▶ **INFORMATION SUPPLIED**:
§

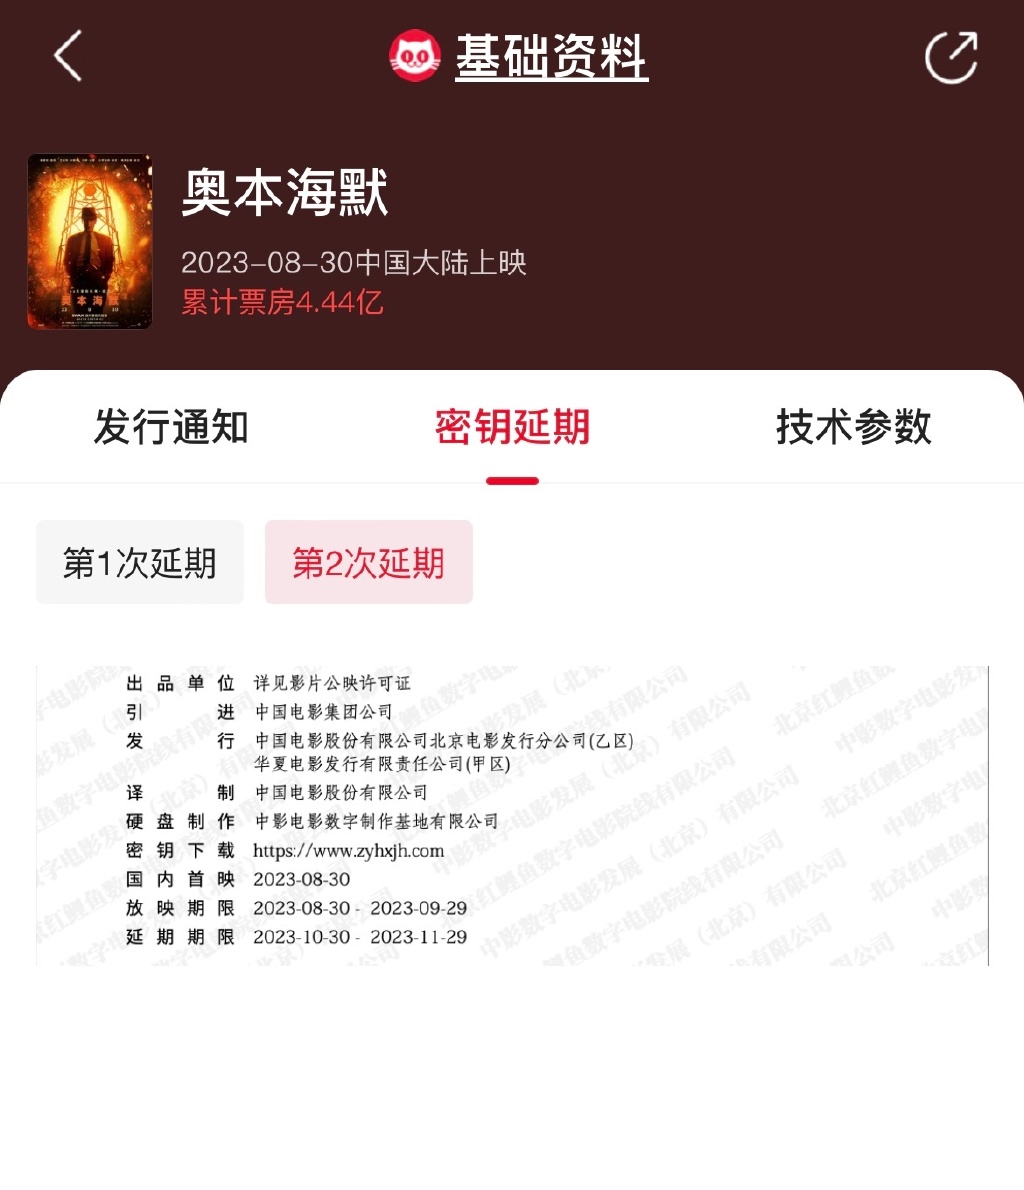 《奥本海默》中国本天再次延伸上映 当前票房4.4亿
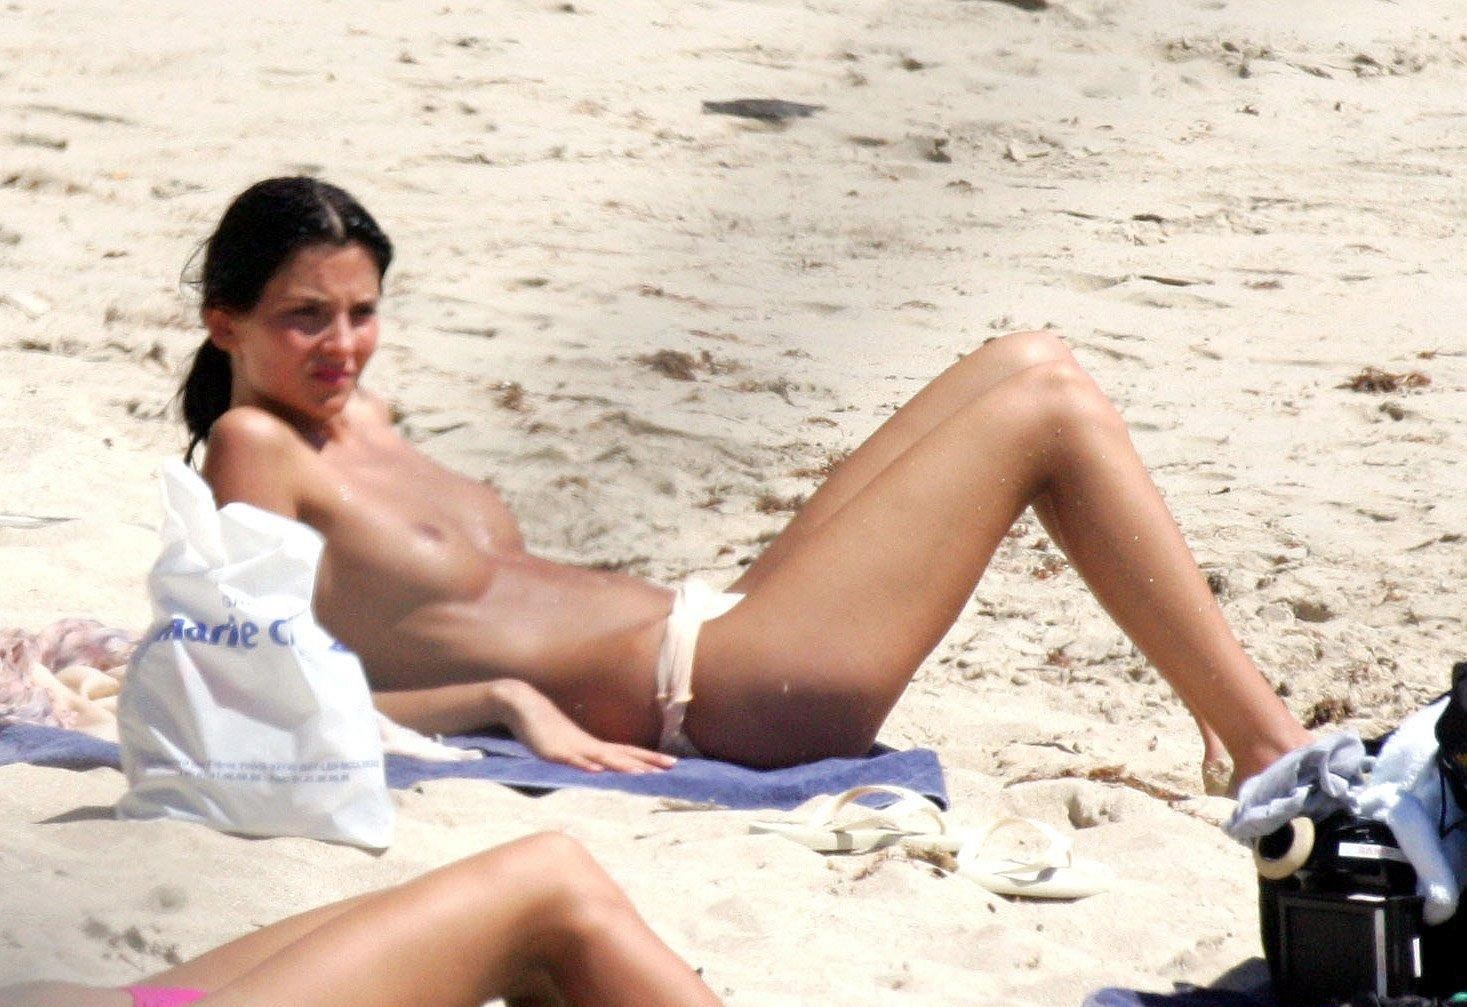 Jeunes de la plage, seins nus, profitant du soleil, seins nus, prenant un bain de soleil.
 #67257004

§

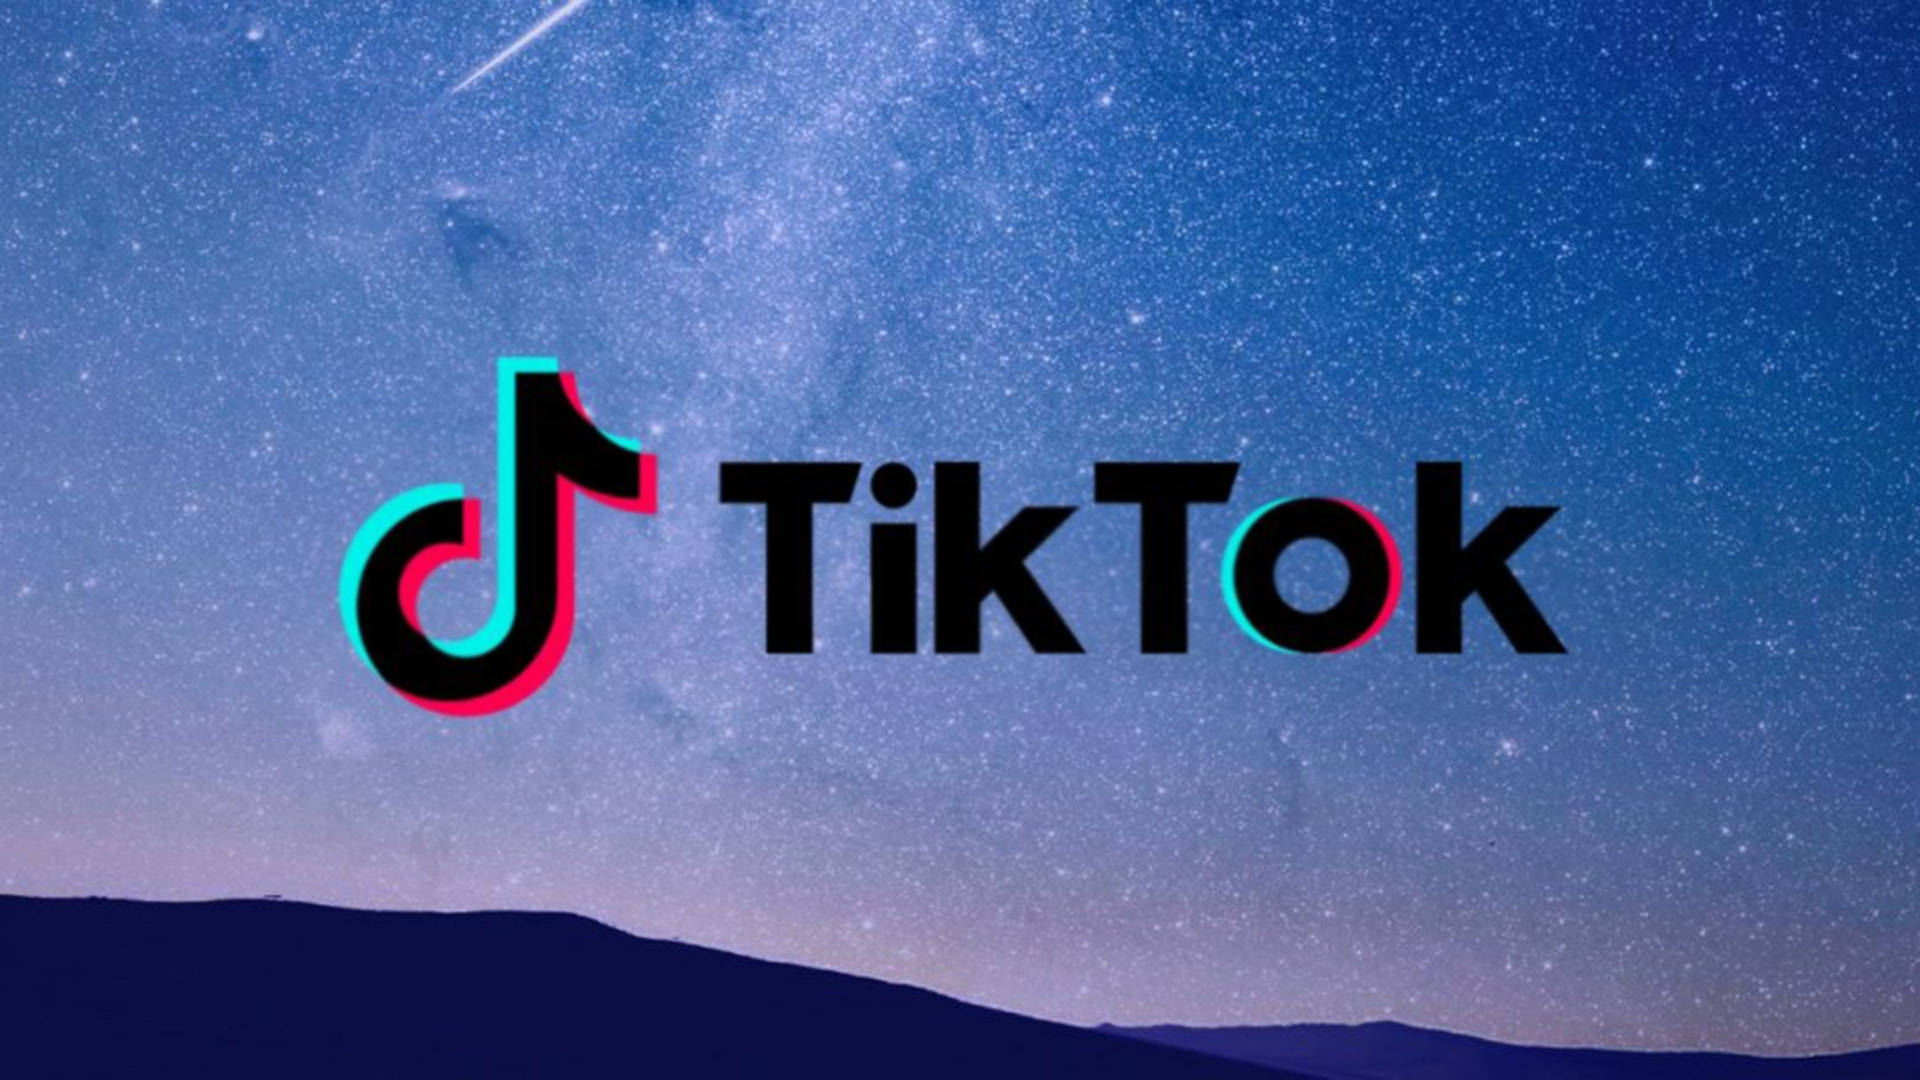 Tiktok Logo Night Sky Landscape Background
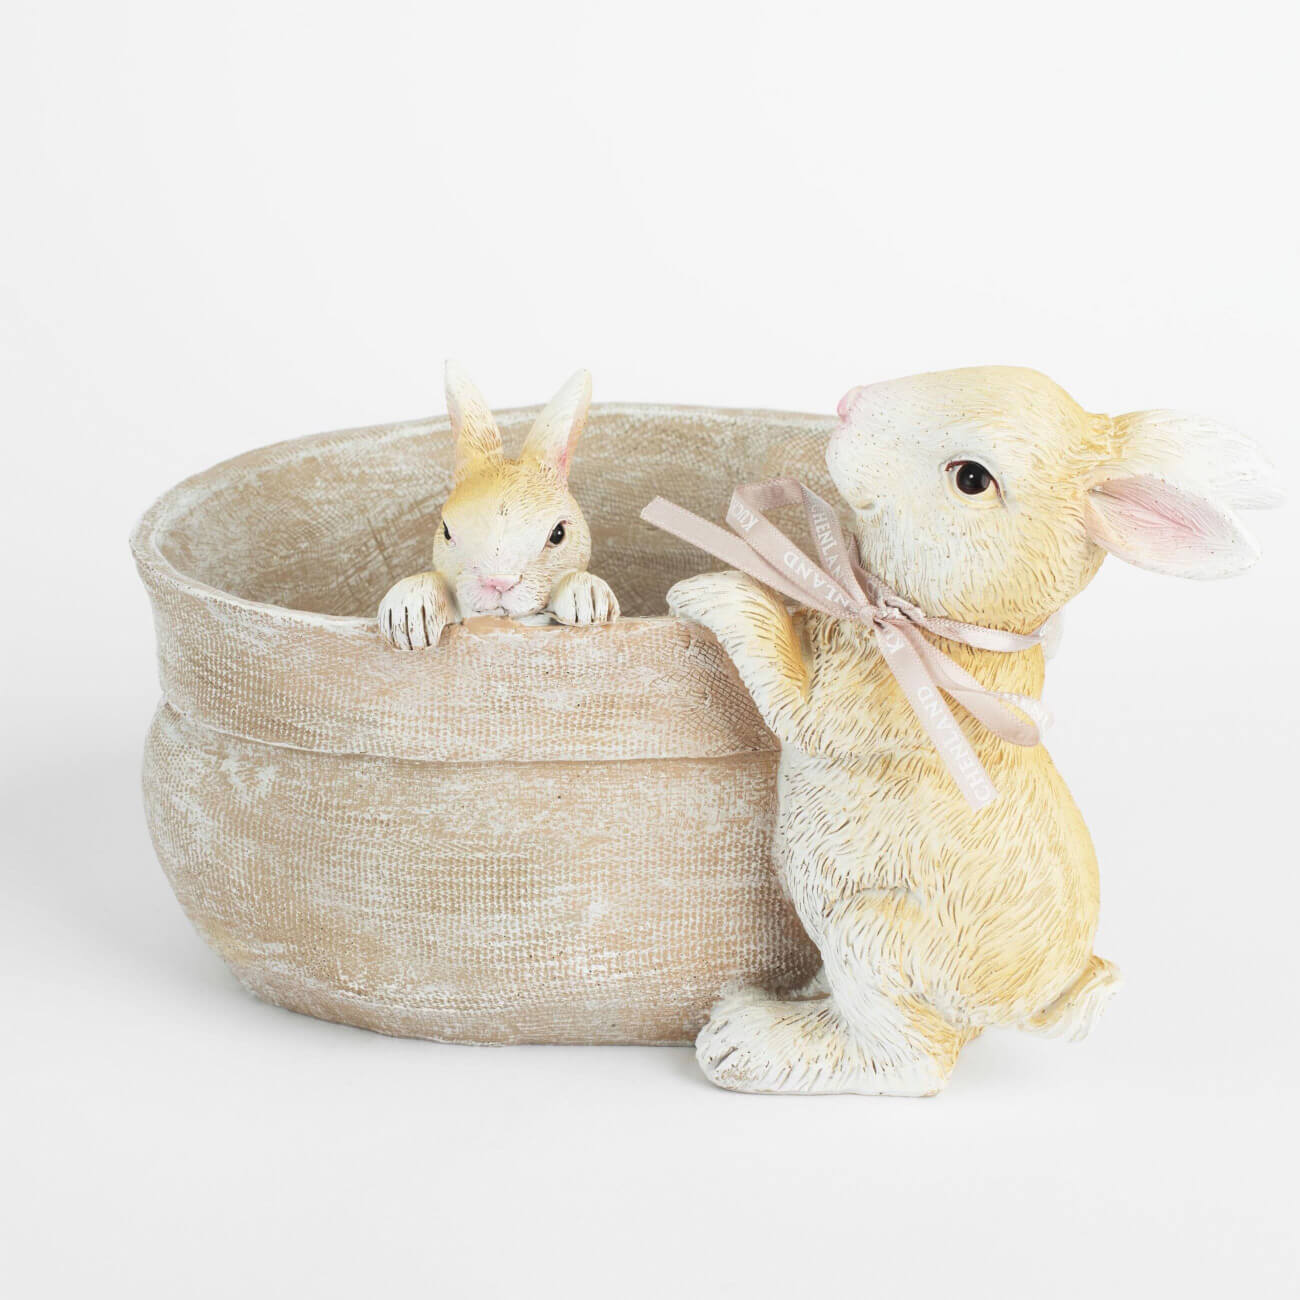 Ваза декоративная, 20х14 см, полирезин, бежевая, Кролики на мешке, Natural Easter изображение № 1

§

▶ **YOUR OBJECTIVE**: Look above for the line with "Tiktok Logo Night Sky Landscape Background" and the line with "Ваза декоративная, 20х14"; set down those two lines and all lines between them exactly, without pictures and without anything else.

▶ **ANSWER SECTION**:
 Tiktok Logo Night Sky Landscape Background
 Ваза декоративная, 20х14 см, полирезин, бежевая, Кролики на мешке, Natural Easter изображение № 1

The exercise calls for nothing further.